The court rendered judgment based upon article 1279 of the Civil Code
granting plaintiff's prayer and ordering the defendants to execute a deed of
donation in favor of the plaintiff, adequate in form and substance to transfer to the
latter the legal title to the part of the donated lands assigned to her in the original
donation.
We are of the opinion that article 1279 of the Civil Code, relating to
contracts, is not applicable to the present case.

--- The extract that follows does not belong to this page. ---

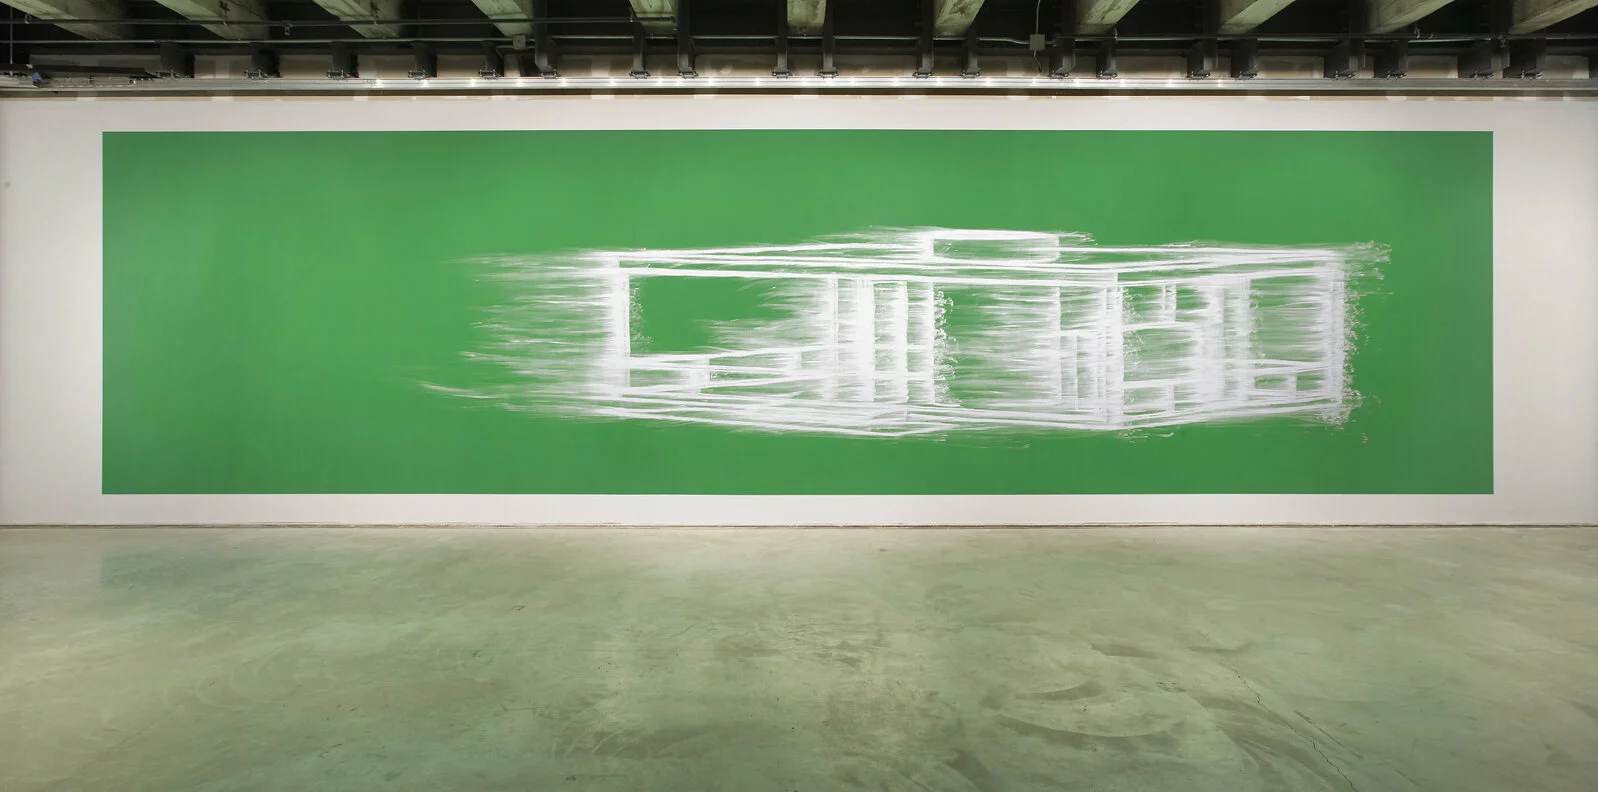 A wide green artwork featuring a smeared white line drawing hangs on a white wall in an industrial-style space.
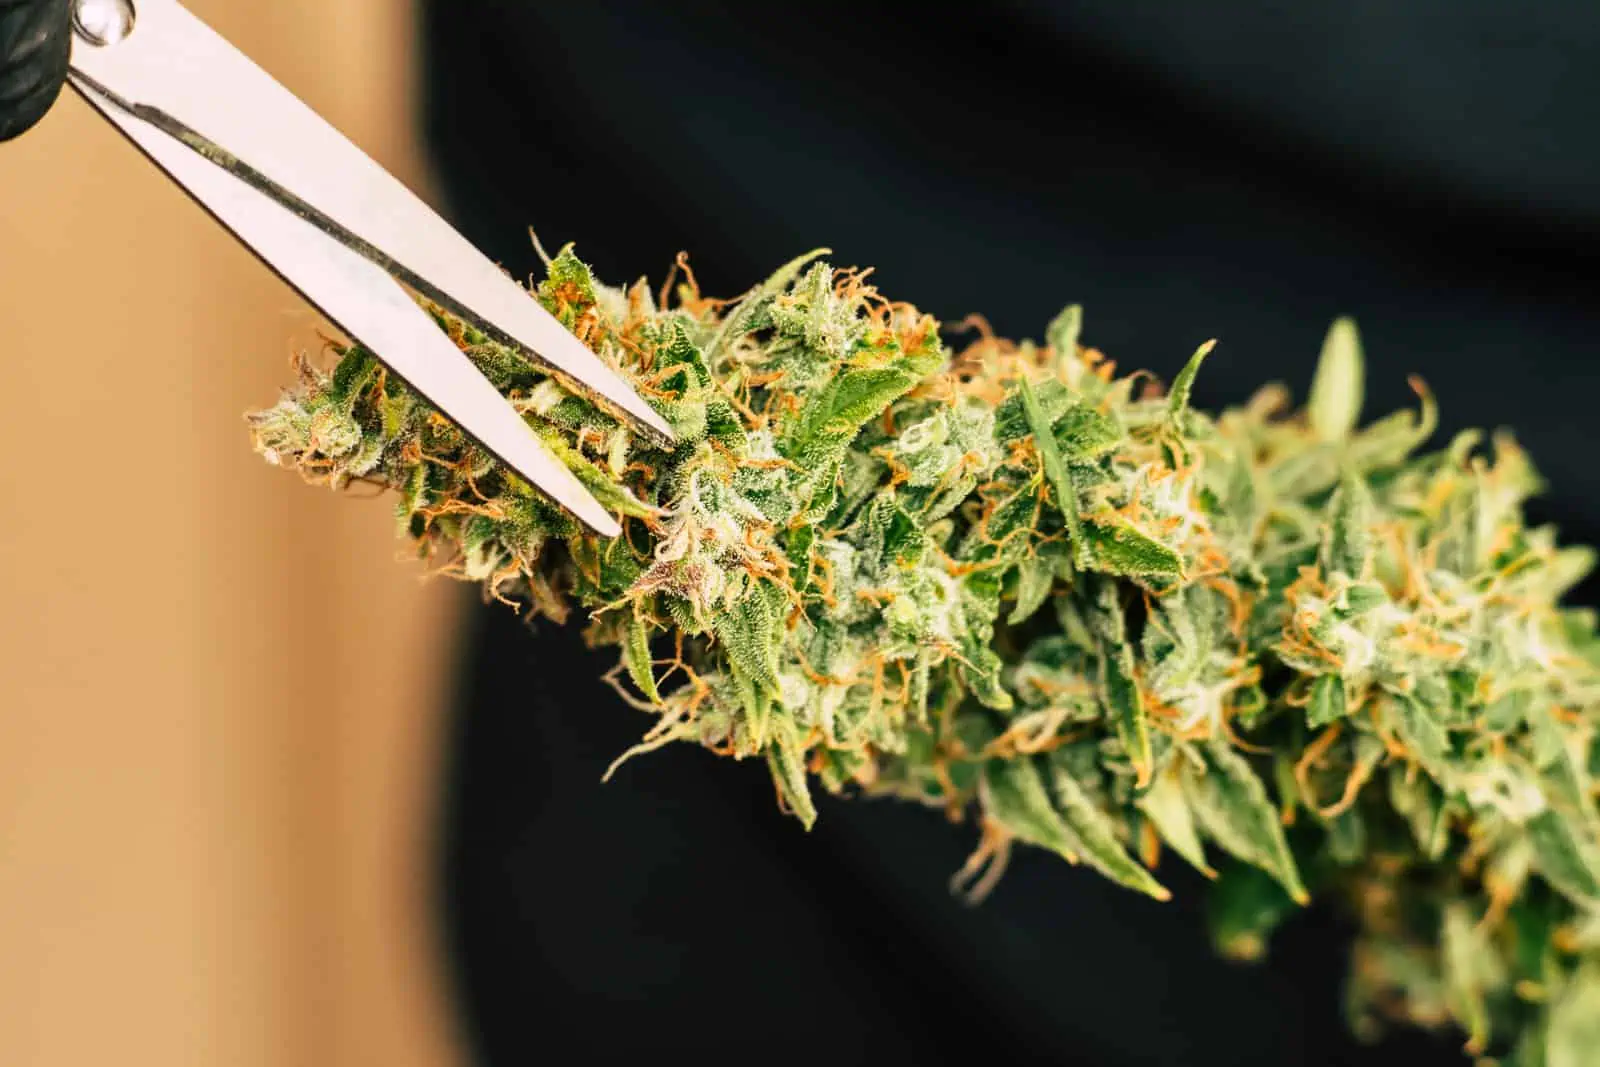 Here’s What Working As A Cannabis Trimmer Is Really Like

We have, therefore, a donation propter nuptias which is not valid and did
not create any right, since it was not made in a public instrument, and hence, article
1279 of the Civil Code which the lower court applied is not applicable thereto. The
last named article provides that, should the law require the execution of an
instrument or any other special form in order to make the obligations of a contract
effective, the contracting parties may compel each other to comply with such
formality from the moment that consent has been given, and the other
requirements for the validity of the contract exist. Suffice it to state that this article
refers to contracts and is inapplicable to the donation in question which must be
governed by the rules on donations. It may further be noted, at first sight, that this
article presupposes the existence of a valid contract and cannot possibly refer to
the form required in order to make it valid, which it already has, but rather to that
required simply to make it effective, and for this reason, it would, at all events, be
inapplicable to the donation in question, wherein the form is required precisely to
make it valid. 1awph!l.net
But the lower court states in its judgment that the present donation is
onerous, and pursuant to article 622 of the Civil Code must be governed by the
rules on contracts. This opinion is not well founded. Donations for valuable
consideration, as may be inferred from article 619 of the Civil Code, are such as
compensate services which constitute debts recoverable from the donor, or which
impose a charge equal to the amount of the donation upon the donee, neither of
which is true of the present donation, which was made only in consideration of
marriage. The lower court insists that, by the fact that this is a donation propter
nuptias, it is based upon the marriage as a consideration, and must be considered
onerous. Neither is this opinion well founded. In donations propter nuptias, the
marriage is really a consideration, but not in the sense of being necessary to give
birth to the obligation. This may be clearly inferred from article 1333, which makes
the fact that the marriage did not take place a cause for the revocation of such
donations, thus taking it for granted that there may be a valid donation propter
nuptias, even without marriage, since that which has not existed cannot be
revoked. And such a valid donation would be forever valid, even if the marriage
never took place, if the proper action for revocation were not instituted, or if it were
instituted after the lapse of the statutory period of prescription. This is, so because
the marriage in a donation propter nuptias is rather a resolutory condition which,
as such, presupposes the existence of the obligation which may be resolved or
revoked, and it is not a condition necessary for the birth of the obligation.
The judgment appealed from is reversed and the defendants are hereby
absolved from the complaint, without special pronouncement of costs. So ordered.